The abbot made the sign of the cross. “I had not known!” he whispered.

The scholar, having survived the first shock of the flare, probed the basement with his gaze, noticing the drive-mill, the monks who strained at its beams. His eyes traveled along the wrapped wires, noticed the monk on the ladder, measured the meaning of the wagon-wheel dynamo and the monk who stood waiting, with downcast eyes, at the foot of the stairs.

“Incredible!” he breathed.

The monk at the foot of the stairs bowed in acknowledgment and depreciation. The blue-white glare cast knife-edge shadows in the room, and the candle flames became blurred wisps in the tide of light.

“Bright as a thousand torches,” breathed the scholar. “It must be an ancient-but no! Unthinkable!”

He moved on down the stairs like a man in a trance. He stopped beside Brother Kornhoer and gazed at him curiously for a moment, then stepped onto the basement floor. Touching nothing, asking nothing, peering at everything, he wandered about the machinery, inspecting the dynamo, the wiring, the lamp itself.

“It just doesn’t seem possible, but-”

The abbot recovered his senses and descended the stairs.

“You’re dispensed from silence!” he whispered at Brother Kornhoer. “Talk to him. I’m-a little dazed.”

The monk brightened. “You like it, m’Lord Abbot?”

“Ghastly,” wheezed Dom Paulo.

The inventor’s countenance sagged.

“It’s a shocking way to treat a guest! It frightened the thon’s assistant out of his wits. I’m mortified!”

“Well, it is rather bright.”

“Hellish! Go talk to him while I think of a way to apologize.”

But the scholar had apparently made a judgment on the basis of his observations, for he stalked toward them swiftly. His face seemed strained, and his manner crisp.

“A lamp of electricity,” he said. “How have you managed to keep it hidden for all these centuries! After all these years of trying to arrive at a theory of-” He choked slightly, and seemed to be fighting for self-control, as if he had been the victim of a monstrous practical joke. “Why have you hidden it? Is there some religious significance-And what-” Complete confusion stopped him. He shook his head and looking around as if for an escape.

“You misunderstand,” the abbot said weakly, catching at Bother Kornhoer’s arm. “For the love of God, Brother, explain!”

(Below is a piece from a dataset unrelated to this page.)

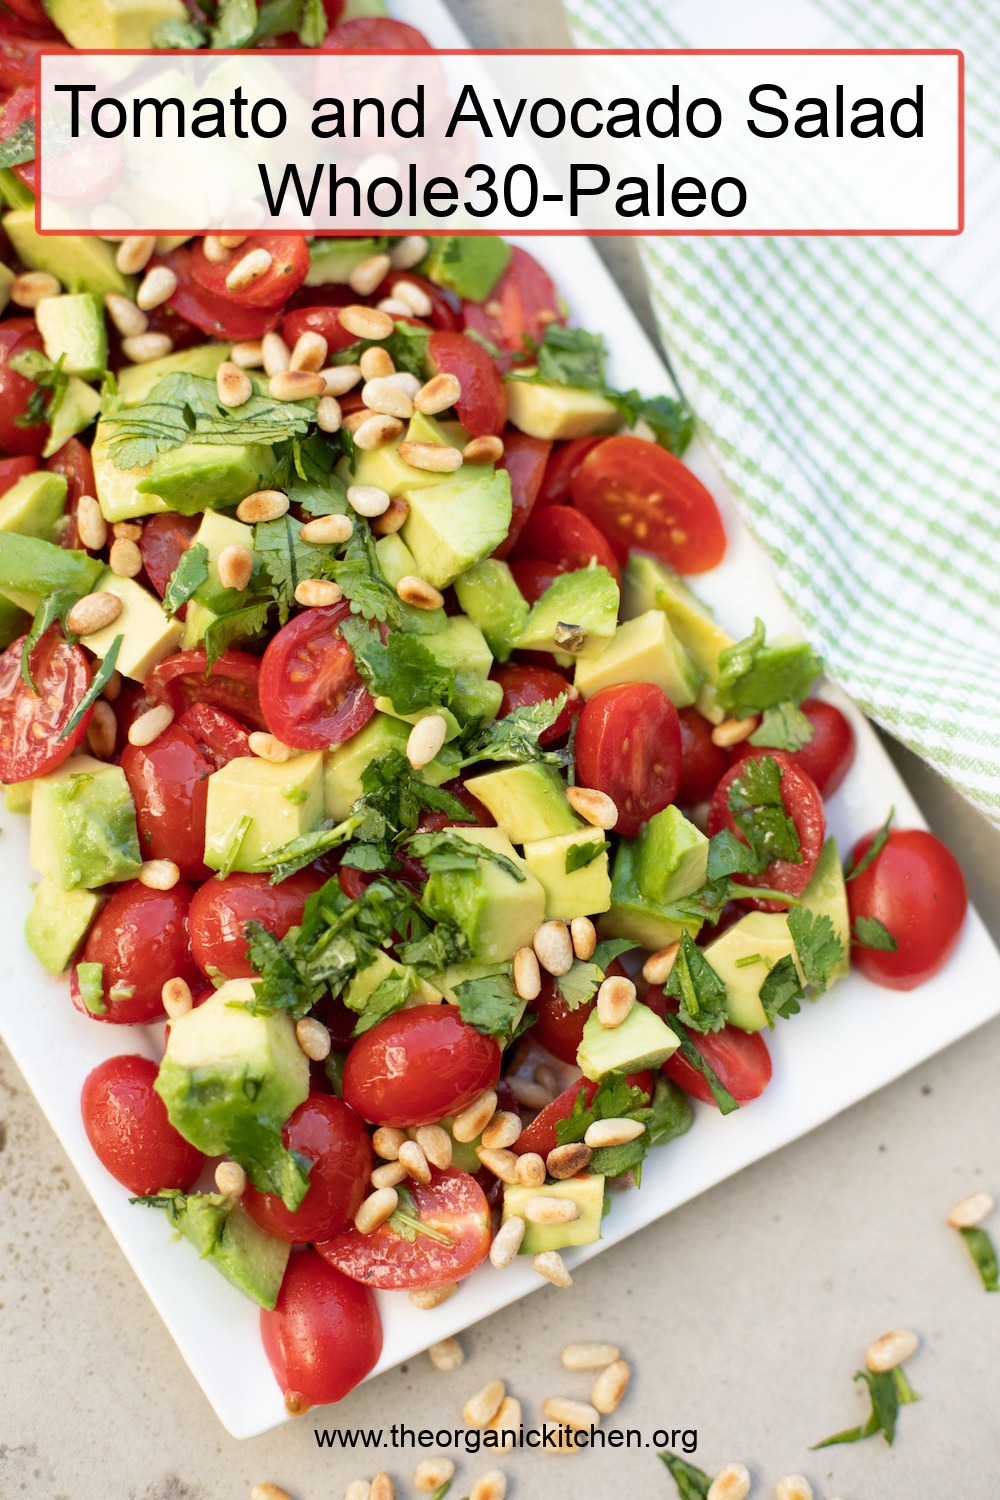 Tomato and Avocado Salad (Whole30) garnished with cilantro and pine nuts on white plate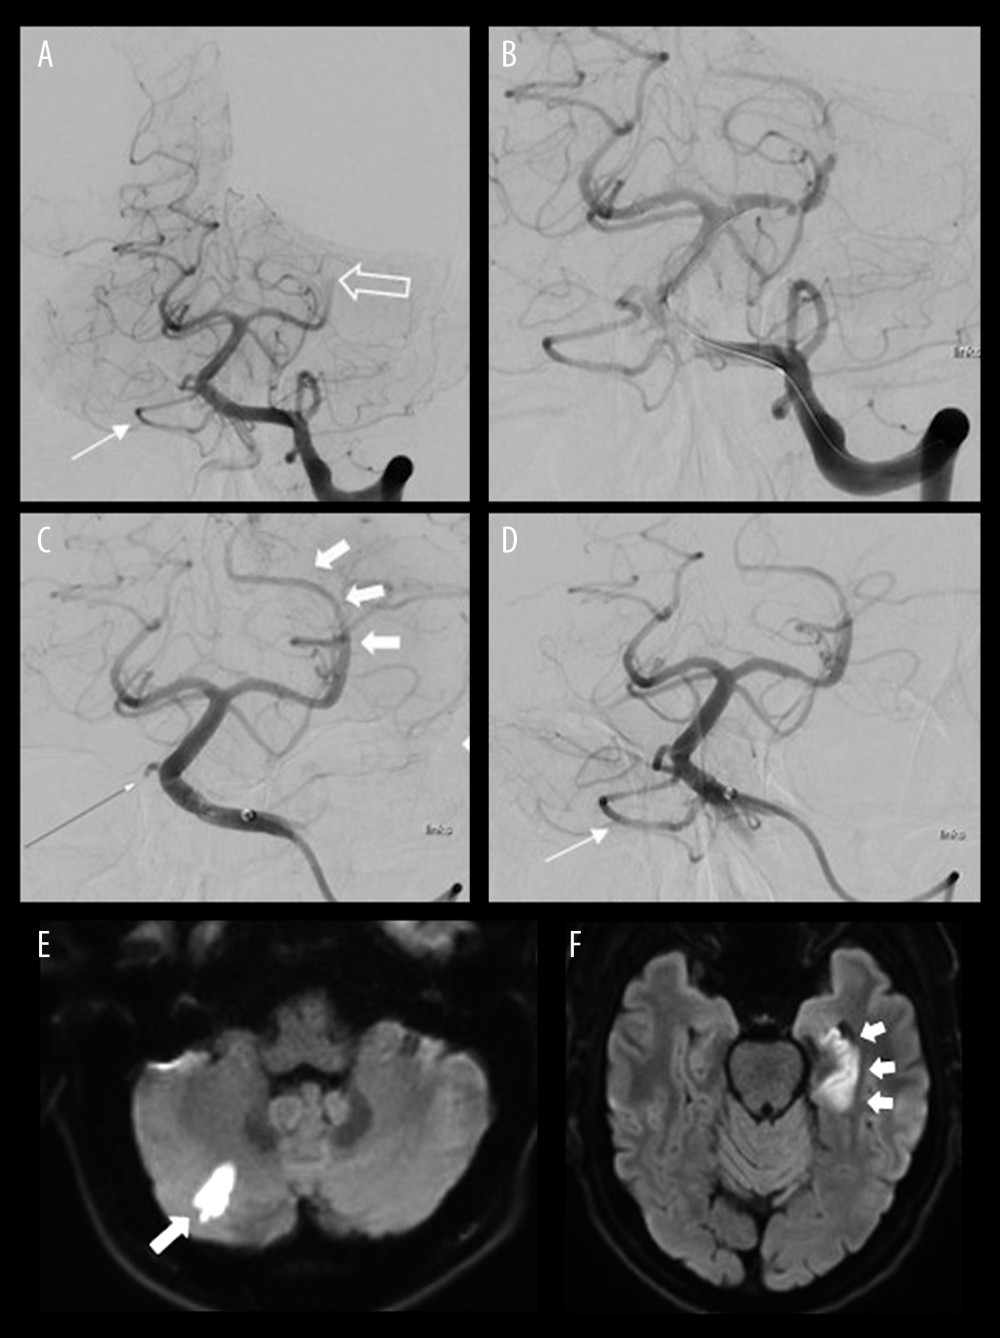 Digital Subtraction Angiography (DSA) and 24-hour control MRI in the Same Patient. DSA showing occlusion of the left posterior cerebral artery (PCA) in the P2 segment (empty arrow) with patent right posterior inferior cerebellar artery (PICA) (thin arrow) (A), with positioned stent retriever from the left P1 to the P2 segment (B). DSA showing complete recanalization of the PCA (thick arrows) and occlusion of the common origin of the right PICA and anterior inferior cerebellar artery (AICA) (thin arrow) due to partial thrombus dislocation (C). Post-procedural DSA showing complete reperfusion of the PICA and AICA (arrow) (D). 24-hour diffusion weighted imaging (DWI) showing a new subacute small cerebellar ischemia (arrow) in the right PICA territory (E) and 24-hour fluid-attenuated inversion recover (FLAIR) images showing the known left hippocampal infarction (arrows) (F).

But there was no balm to soothe an affront to professional pride-then or in any other age.

19

After the unfortunate incident in the basement, the abbot sought by every conceivable means to make amends for that unhappy moment. Thon Taddeo gave no outward sign of rancor, and even offered his hosts an apology for his spontaneous judgment of the incident, after the inventor of the device had given the scholar a detailed account of its recent design and manufacture. But the apology succeeded only in convincing the abbot further that the blunder had been serious. It put the thon in the position of a mountaineer who has scaled an “unconquered” height only to find a rival’s initials carved in the summit rock-and the rival hadn’t told him in advance. It must have been shattering for him, Dom Paulo thought, because of the way it was handled.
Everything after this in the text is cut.